**Your assignment**
Each line of data below is to be returned exactly, leaving out any picture.

**Stored data**

________________________________________

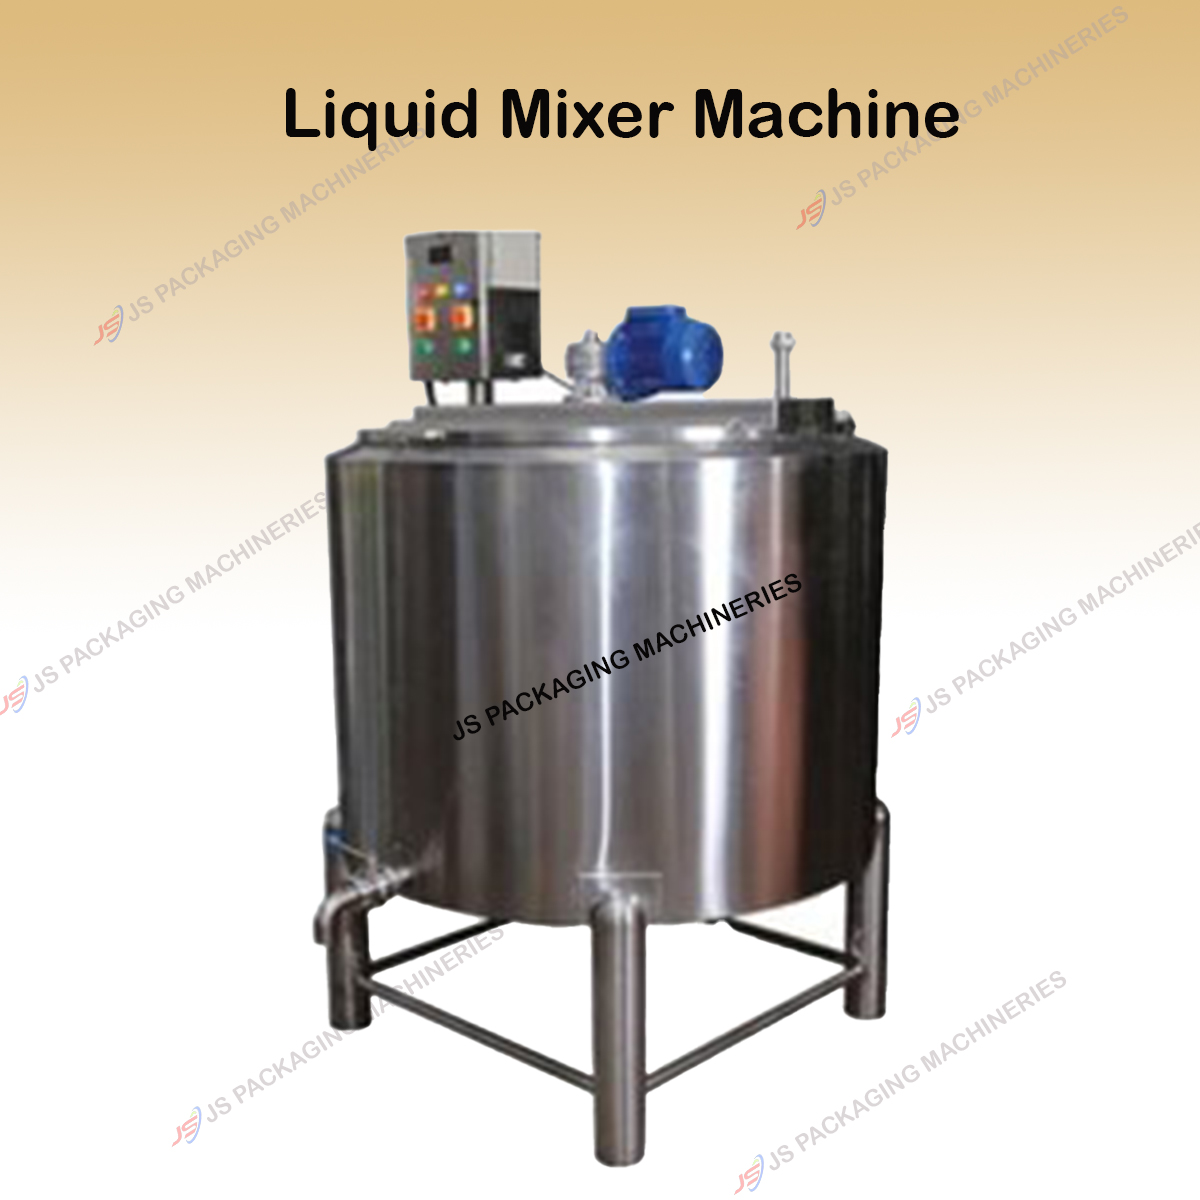 Liquid Mixer Machine
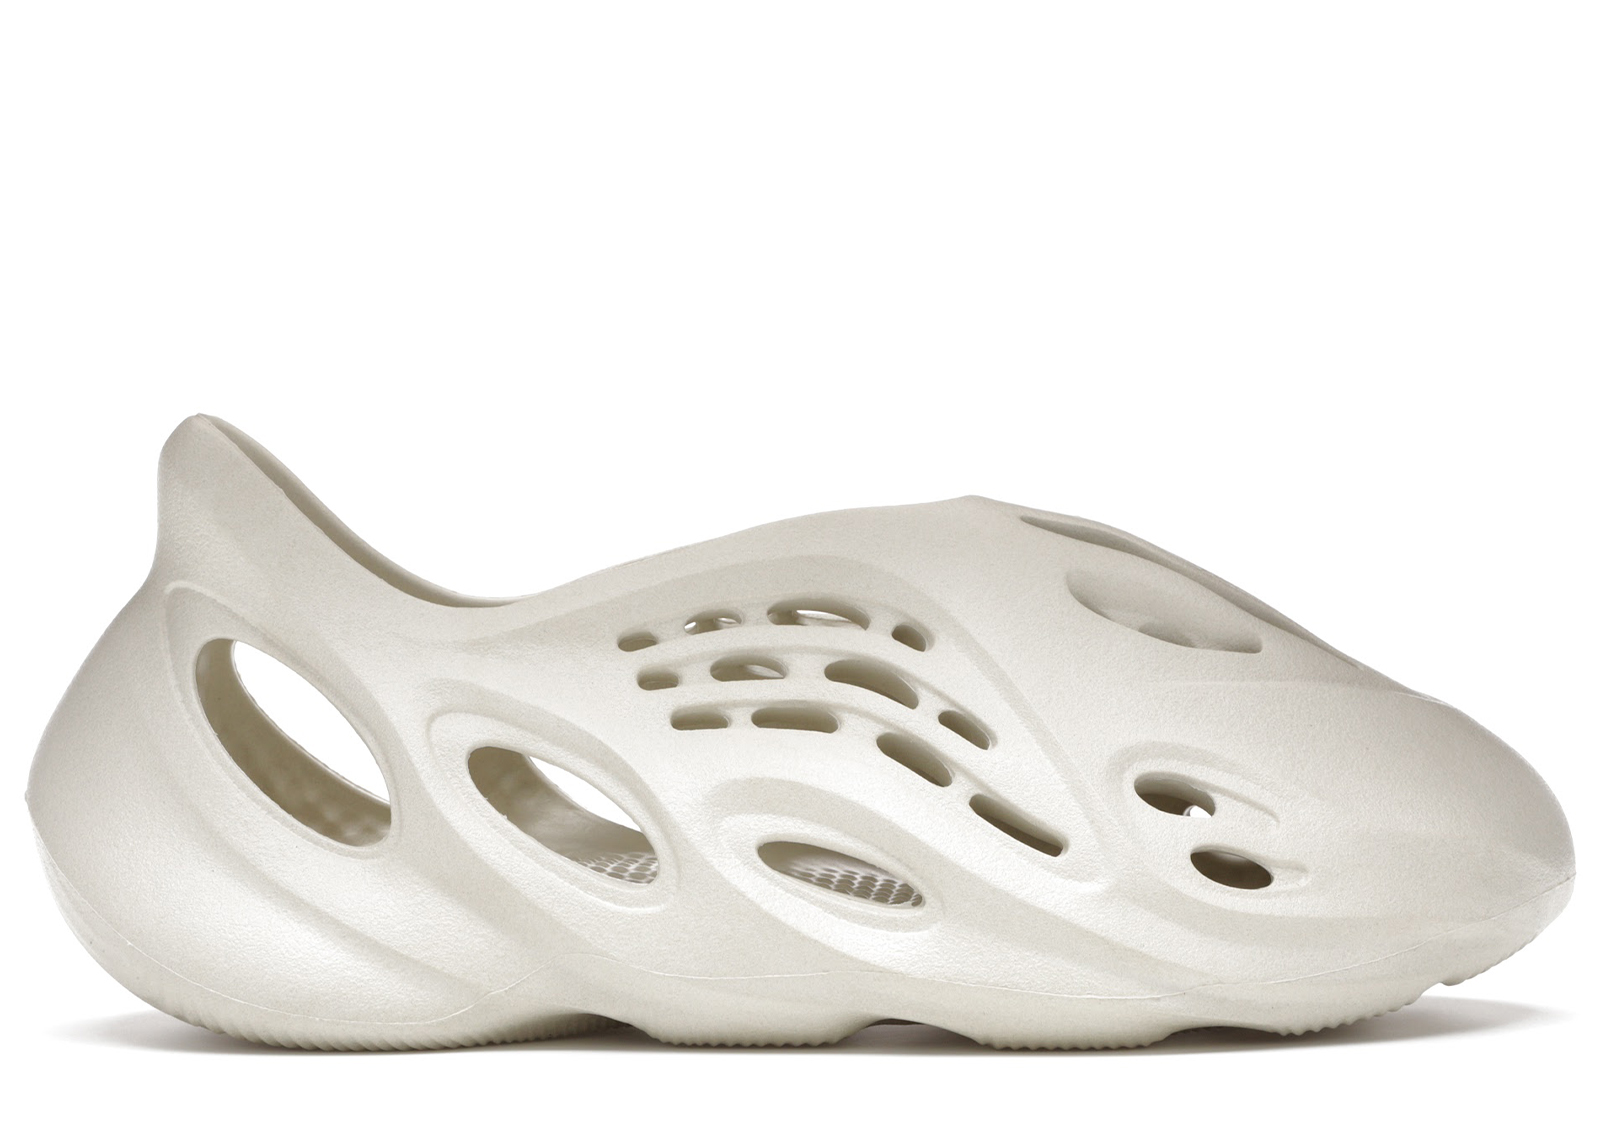 adidas YEEZY Foam Runner sand 26.5cm
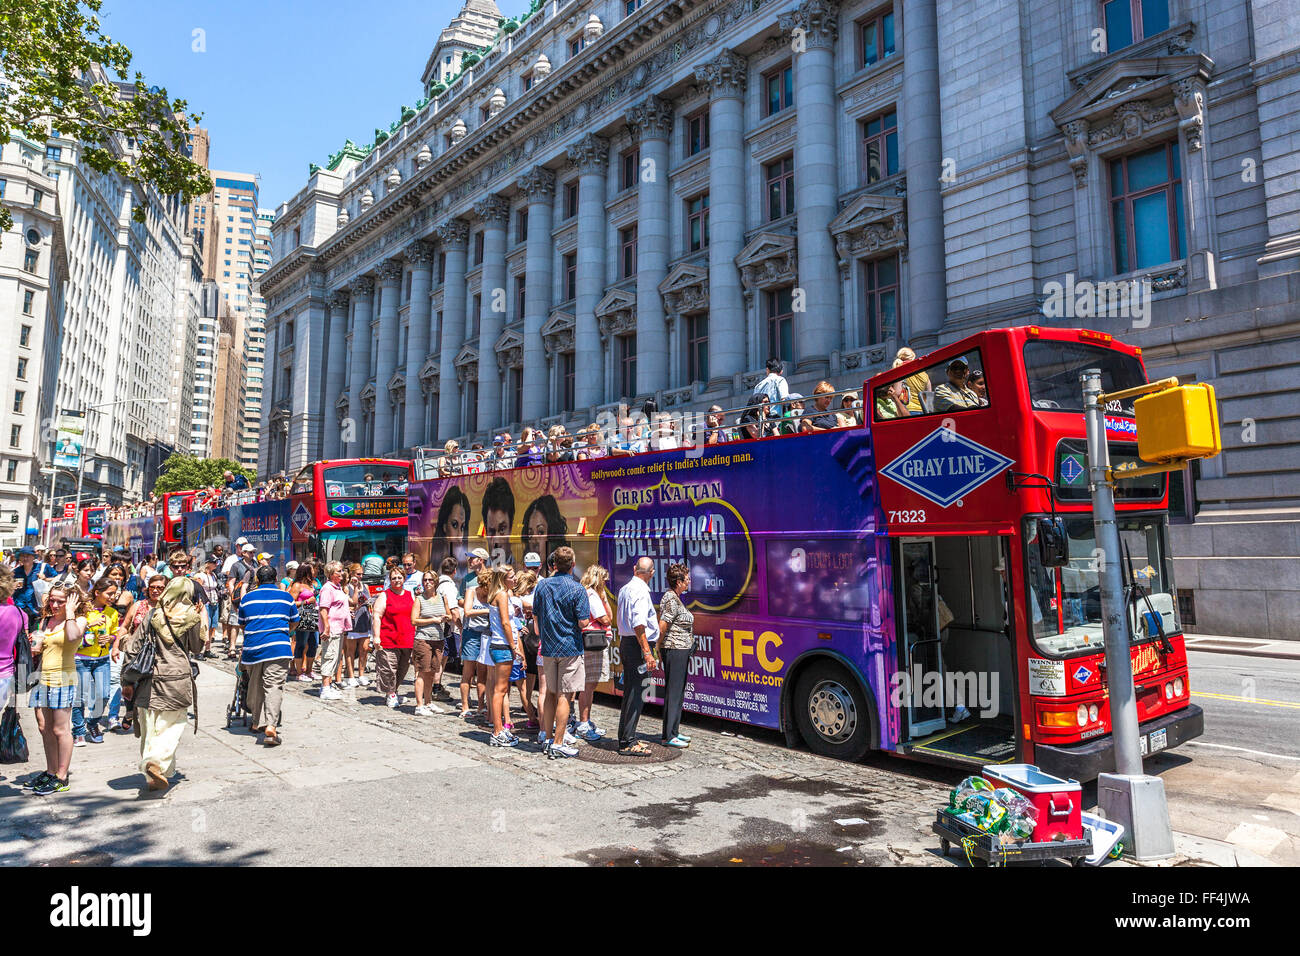 Sightseeing tour buses picking up passengers, London, England, UK. Stock Photo

________________________________________

**Problem solution**
 Liquid Mixer Machine
 adidas YEEZY Foam Runner sand 26.5cm
 Sightseeing tour buses picking up passengers, London, England, UK. Stock Photo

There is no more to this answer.